Uma crônica.
Pensei a princípio em fazer um relato sobre a minha passagem por Xerém, mas diante de como tudo se sucedeu acho que seria mais correto dizer que esse é um relato meu e do seu Zé um amigo que encontrei no caminho…
O despertador tocou, enrolei um pouco mais na cama , e lá para o terceiro disparo levantei. Peguei o primeiro ônibus, que passou aqui do lado de casa, o 312 até a Central do Brasil.
– Qual é o ônibus que vai para Xerém?
– É aquele ali depois da guarita policial.
E não foi difícil encontrar, lá estava ele amarelo e azul da linha Trel, como o Luiz tinha me falado. Assim que cheguei já tinha umas cinco senhoras na minha frente na fila, pelas conversas dava para ver que elas estavam indo lá ajudar e levar doações.
Enquanto o ônibus demorava a sair dei uma passadinha na banca e resolvi comprar o jornal do dia ‘O Dia’, que já tinha como notícia de capa o desastre na cidade. Dei algumas foleadas e parei diante do título “R$ 5 mil para cada família”, a matéria dizia que cada família que perdeu tudo na enchente iria ganhar do governo R$ 5 mil para comprar móveis, eletrônicos domésticos e utensílios. Eu fiquei meio que pasma diante da notícia pensando que uma geladeira e um fogão já vai lá uns três mil, imagina ter que comprar todas as outras coisas que uma casa precisa com cinco mil? E o que adianta ter os móveis se não tem casa?

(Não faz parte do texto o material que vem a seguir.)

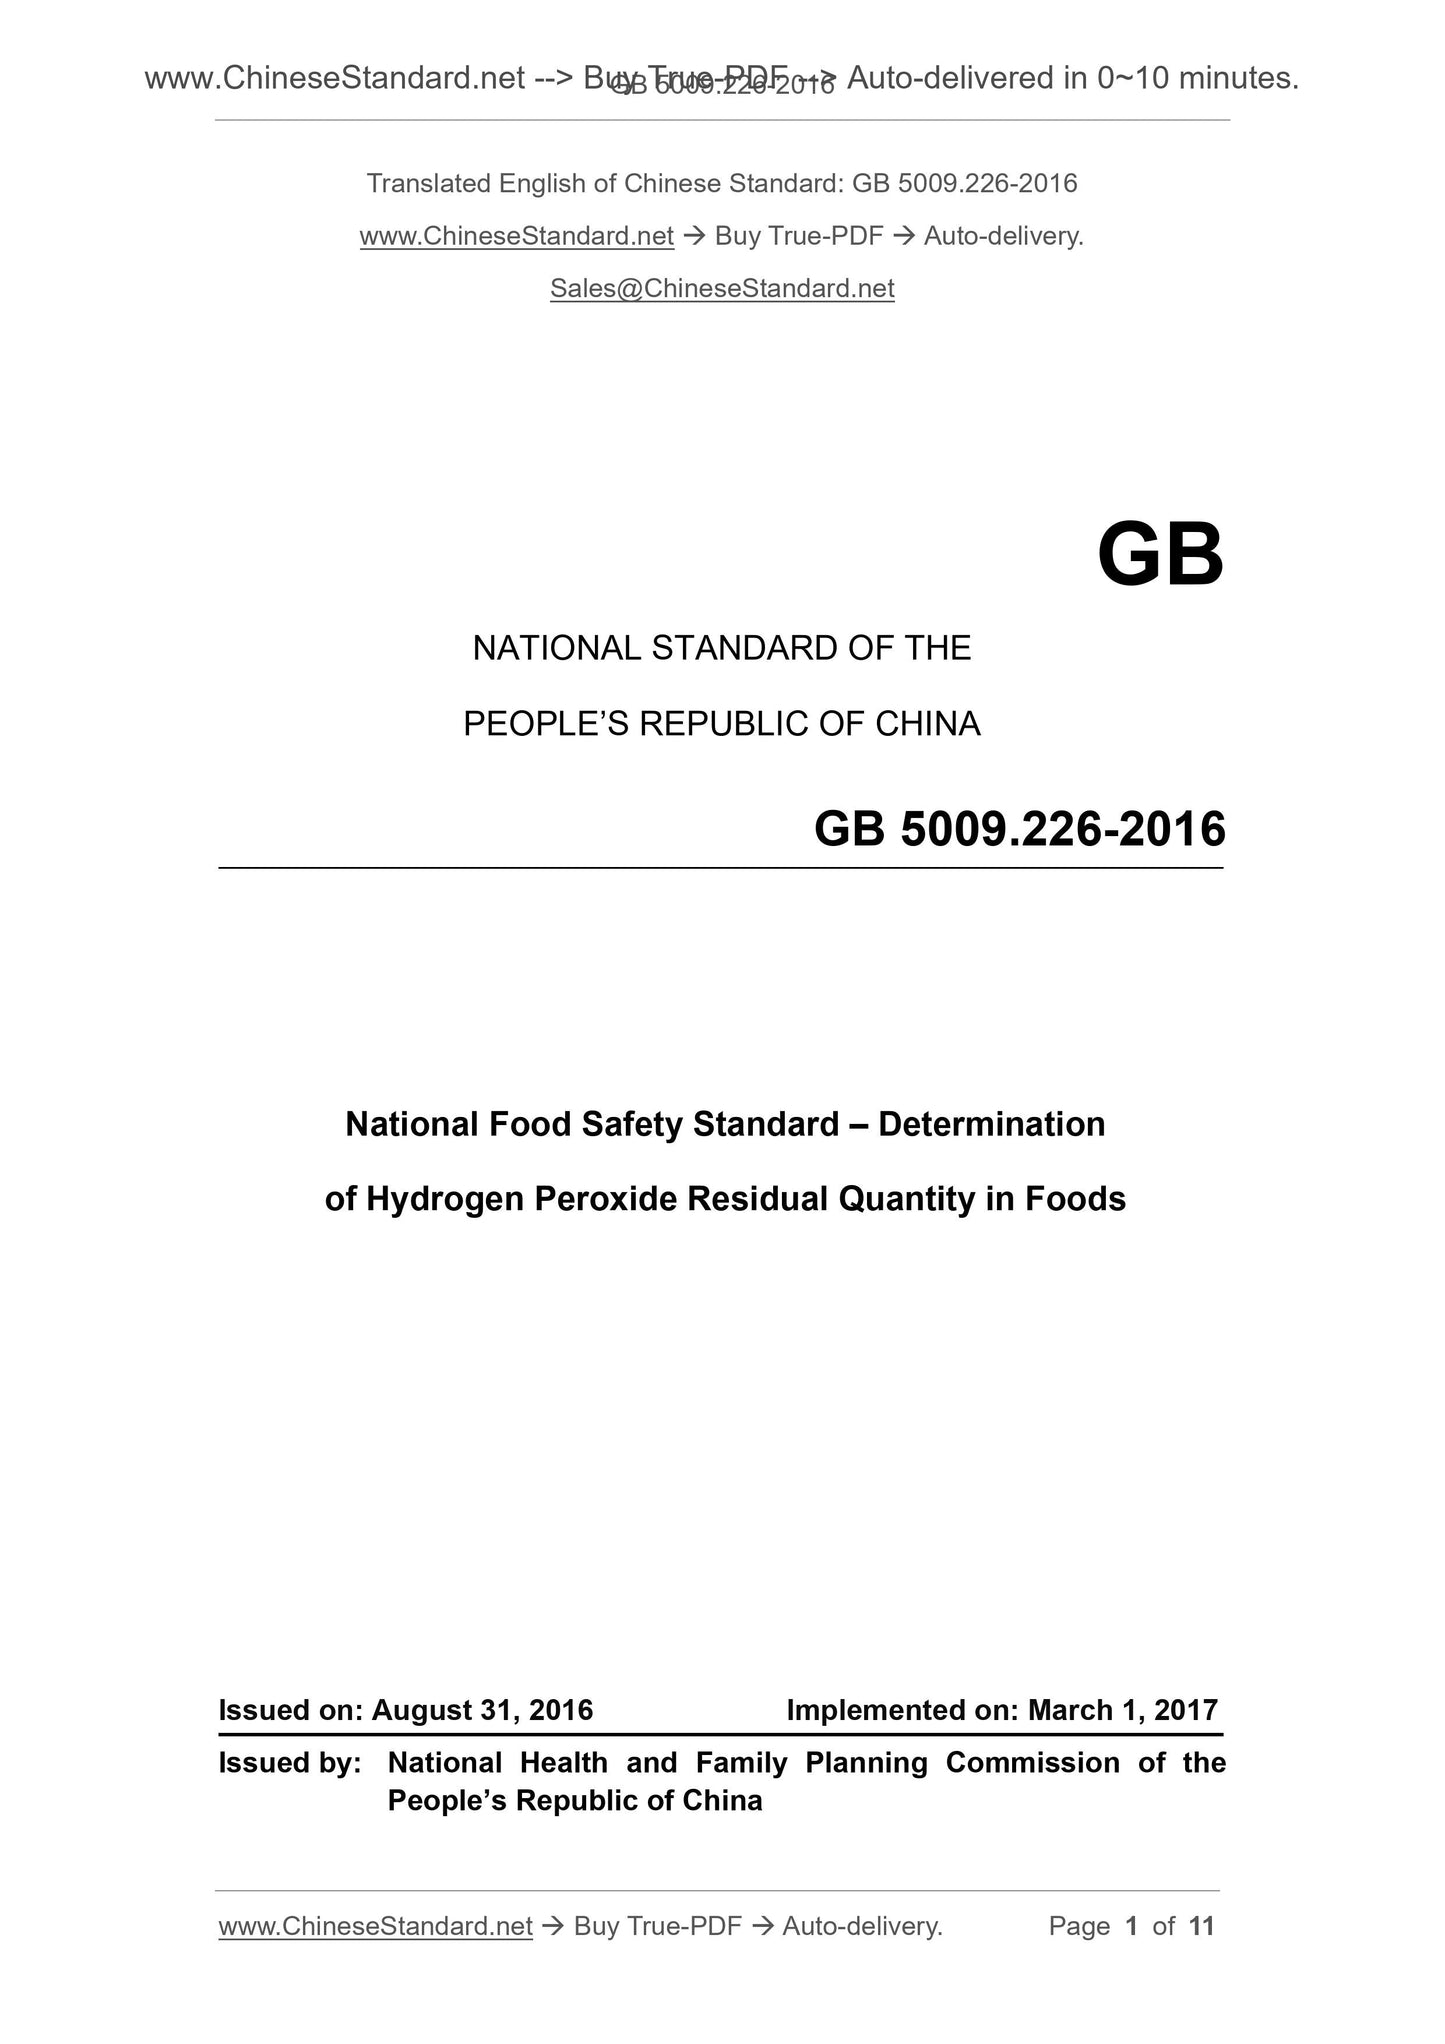 GB 5009.226-2016 Page 1

Enquanto a minha mente ia longe nas inúmeras indagações as pessoas iam chegando e o ônibus ia lotando, dava para ver que a maioria era de fora. Não sei se motivados por uma culpa existencial por vaidade ou por amor , pessoas de todos os cantos iam chegando para ajudar as 300 famílias desabrigadas em Xerém.
Na hora de passar pela roleta desejei que o valor da passagem não passasse de cinco reais, afinal o dinheiro tá curto. Mas foi exatamente R$ 6, 30 o valor, eu fiquei pensando o que faz um pai de família com cinco filhos querendo passear no final de semana e visitar o centro do Rio, o CCBB, a praia da zona sul, com uma passagem tão cara assim, num ônibus ferrado sem ar condicionado, e com 1 hora e 20 de viagem num dia sem trânsito.

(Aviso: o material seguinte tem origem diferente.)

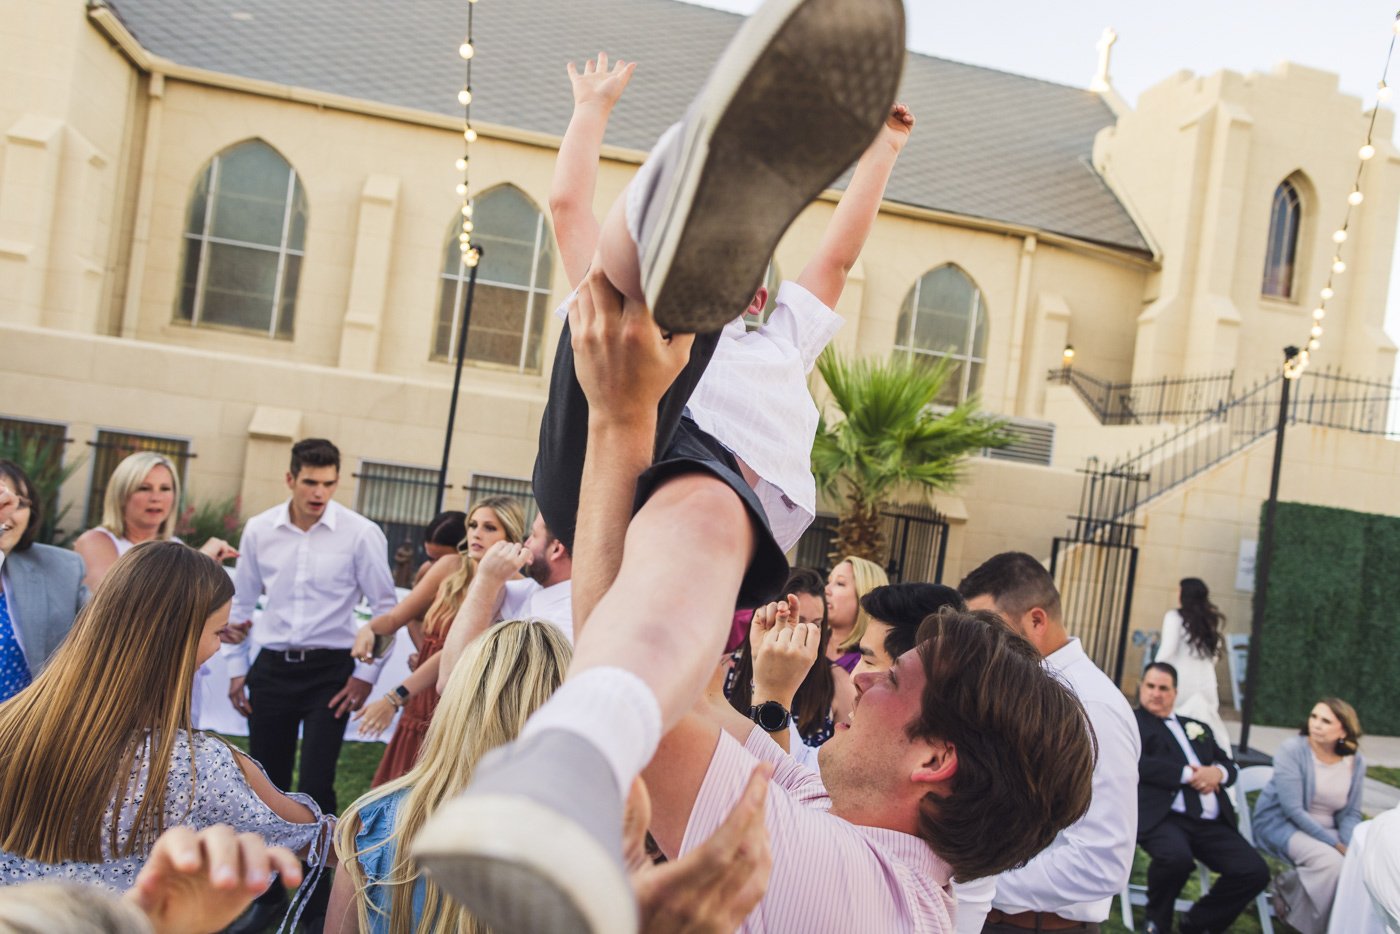 kid being tossed in air during wedding reception

Enquanto o ônibus sacolejava eu ia segurando o meu cobertor e travesseiro que resolvi doar, não sei se motivada por um culpa, por uma vaidade ou quem sabe pelo amor. Entre cochilos e pensamentos, lá bem depois da saída 101 eu cheguei na praça de Mantiqueira, o ônibus só ia até ali já que todo o resto pela frente estava impossível de andar…
Desci e fui direto me informar onde ficava a Igreja Metodista Wesleyana, já tinha sido informada que está igreja estava recebendo as doações, demorei um pouco para conseguir pronunciar o nome certo da igreja e encontrei, no final percebi que todas as igrejas dá cidade estavam recebendo as doações e servindo de abrigo. Não só as igrejas, como as escolas e as próprias casas dos vizinhos.
Enquanto eu andava pelo enorme terreno da igreja observando a fila para pegar as doações, a distribuição do almoço comunitário e o entrar e sair de gente se escutava muitas histórias pelos corredores. Era a história do pastor 71 que estava cadastrando apenas as famílias da igreja para ganhar o benefício da casa, era gente reclamando da quantidade de pessoas que estavam visitando Xerém como curiosos e oportunistas, e ainda tinha aquelas pessoas que quando te viam com uma câmera na mão paravam para reclamar e dizer que em nenhum momento o governo deu uma alternativa para as famílias que moravam em área de risco.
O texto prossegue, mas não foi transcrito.